→ Dataset extract:
***
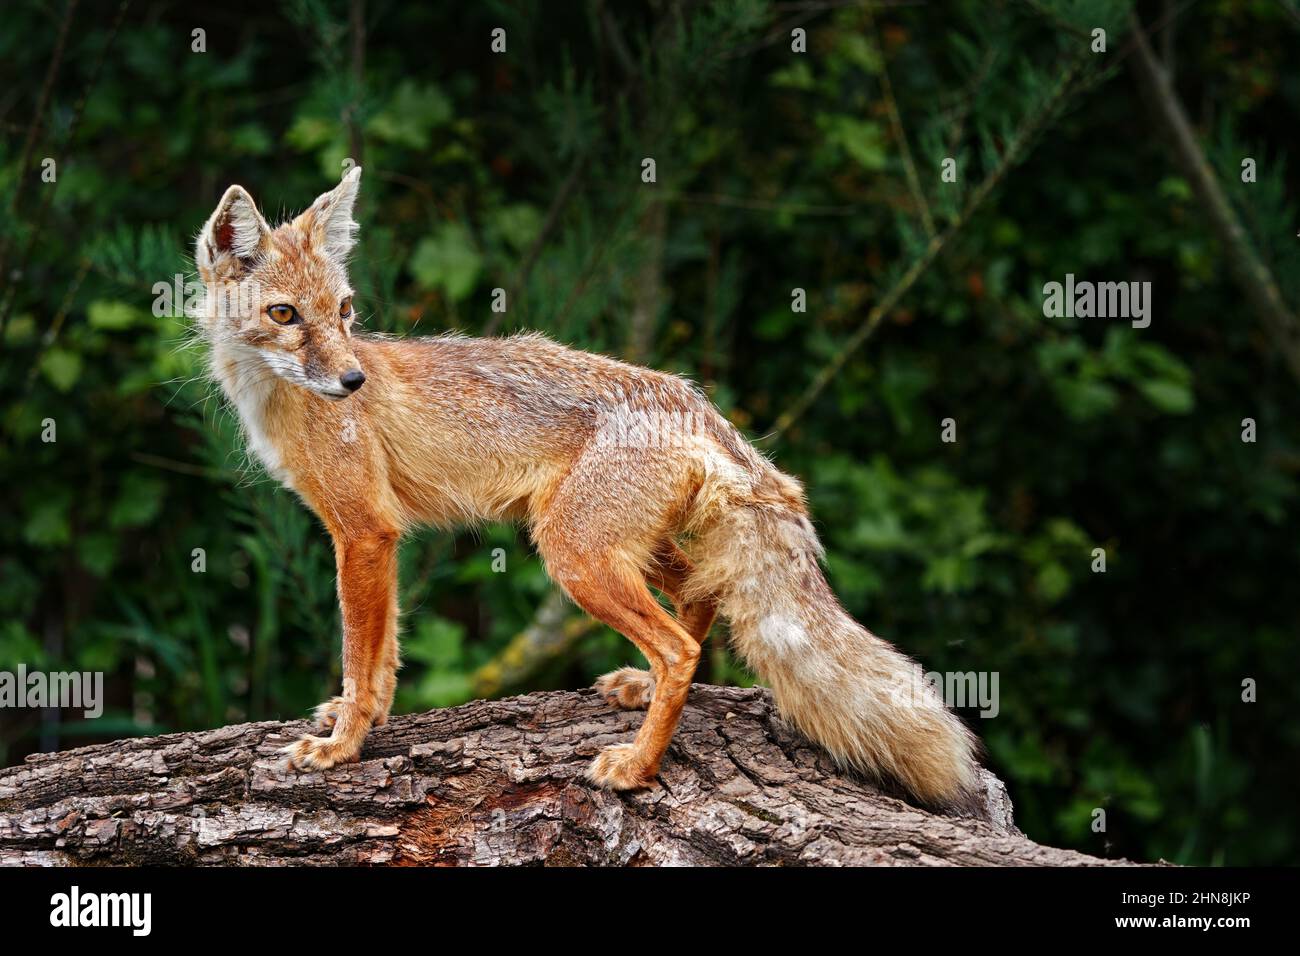 Corsac Fox, Vulpes corsac, in the nature stone mountain habitat, found in steppes and deserts in, Mongolia, Central Asia.  Fox in the nature habitat. Stock Photo
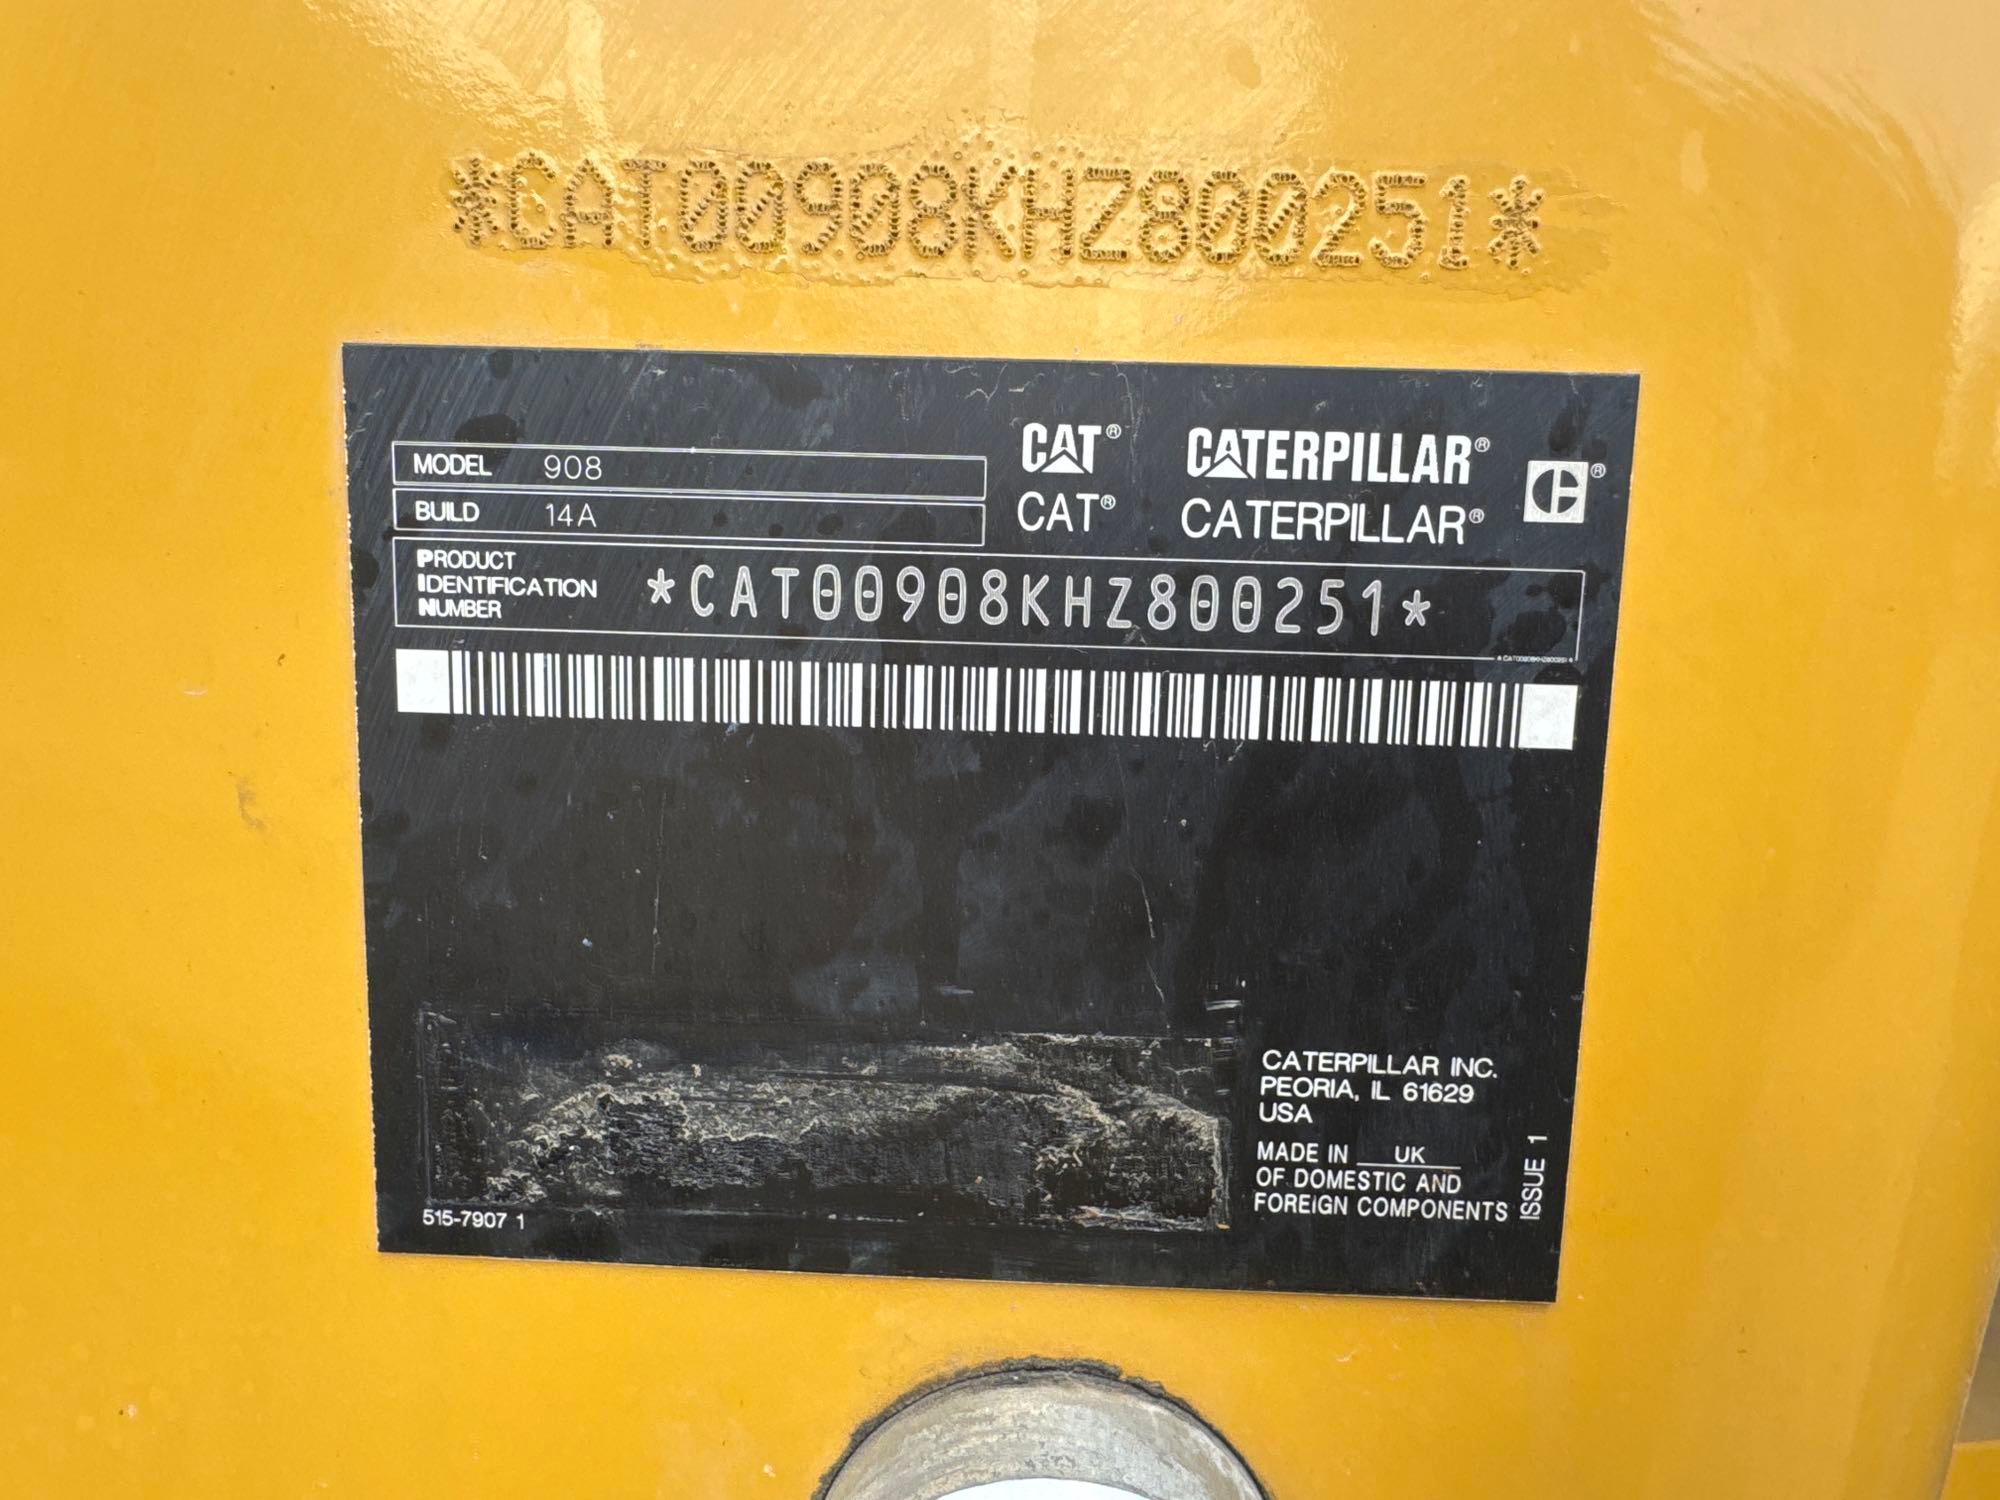 2022 CAT 908 RUBBER TIRED LOADER SN:800251 powered by Cat C2.8 diesel engine, equipped with EROPS,
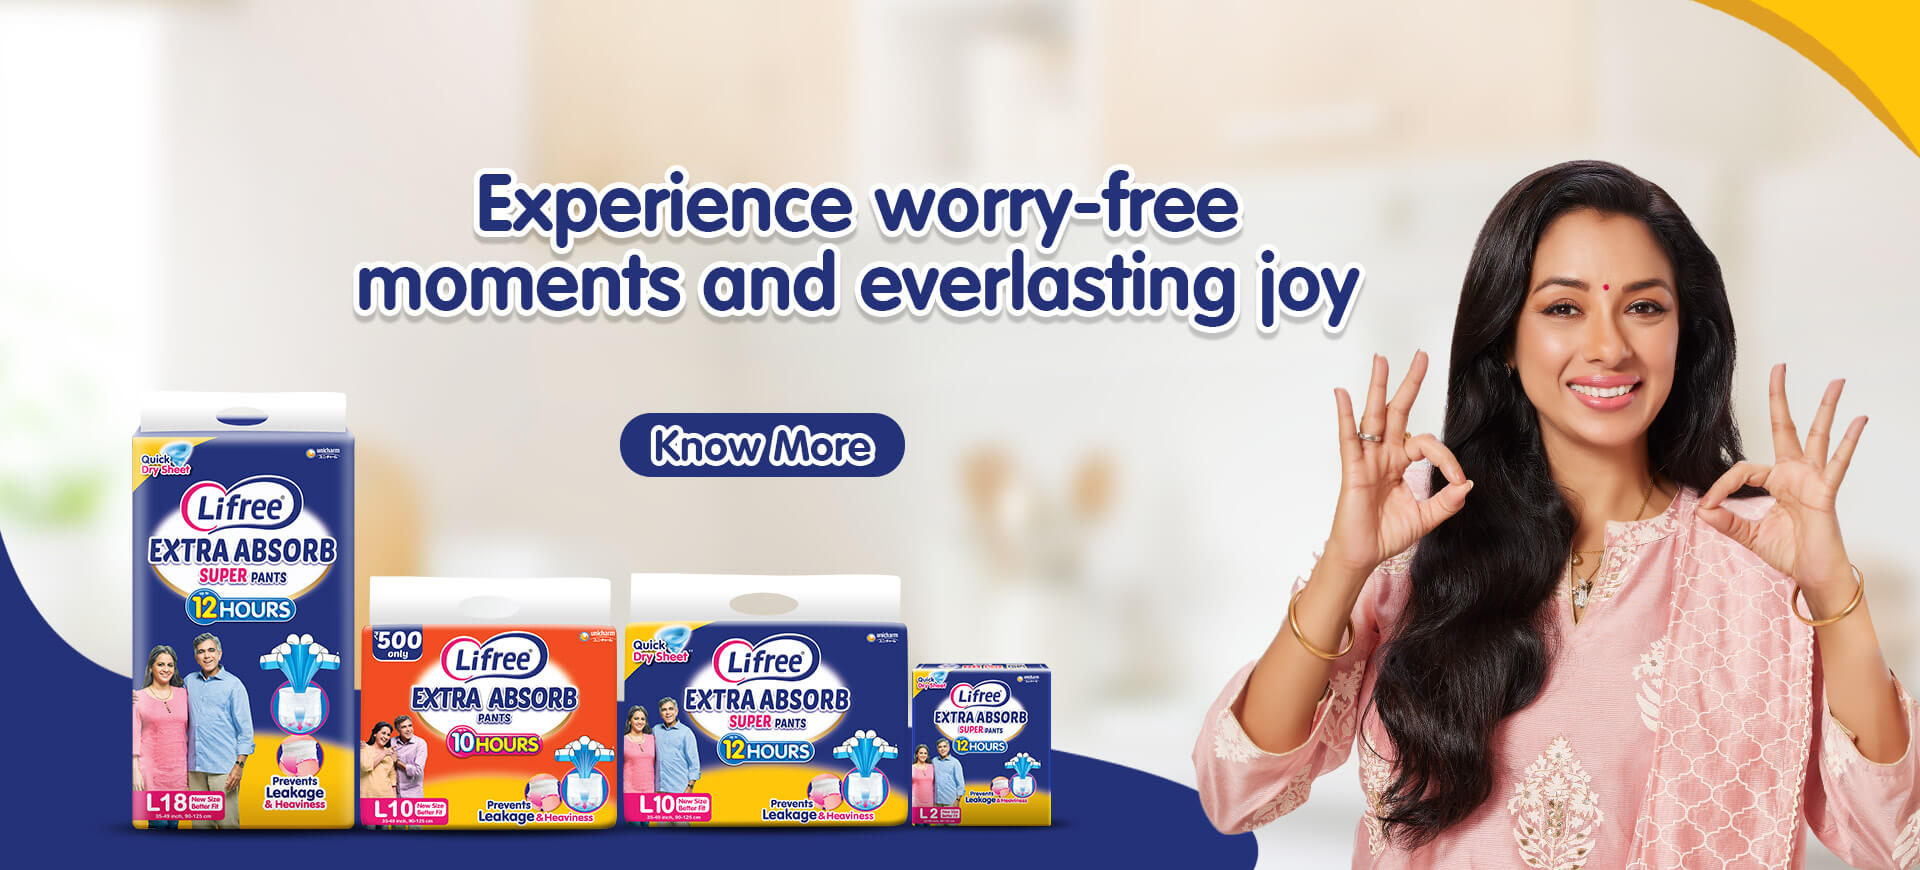 experience worry-free moments and everlasting joy
***
Without the pictures, repeat the listing word for word.

→ Output for this exercise:
 Corsac Fox, Vulpes corsac, in the nature stone mountain habitat, found in steppes and deserts in, Mongolia, Central Asia.  Fox in the nature habitat. Stock Photo
 2022 CAT 908 RUBBER TIRED LOADER SN:800251 powered by Cat C2.8 diesel engine, equipped with EROPS,
 experience worry-free moments and everlasting joy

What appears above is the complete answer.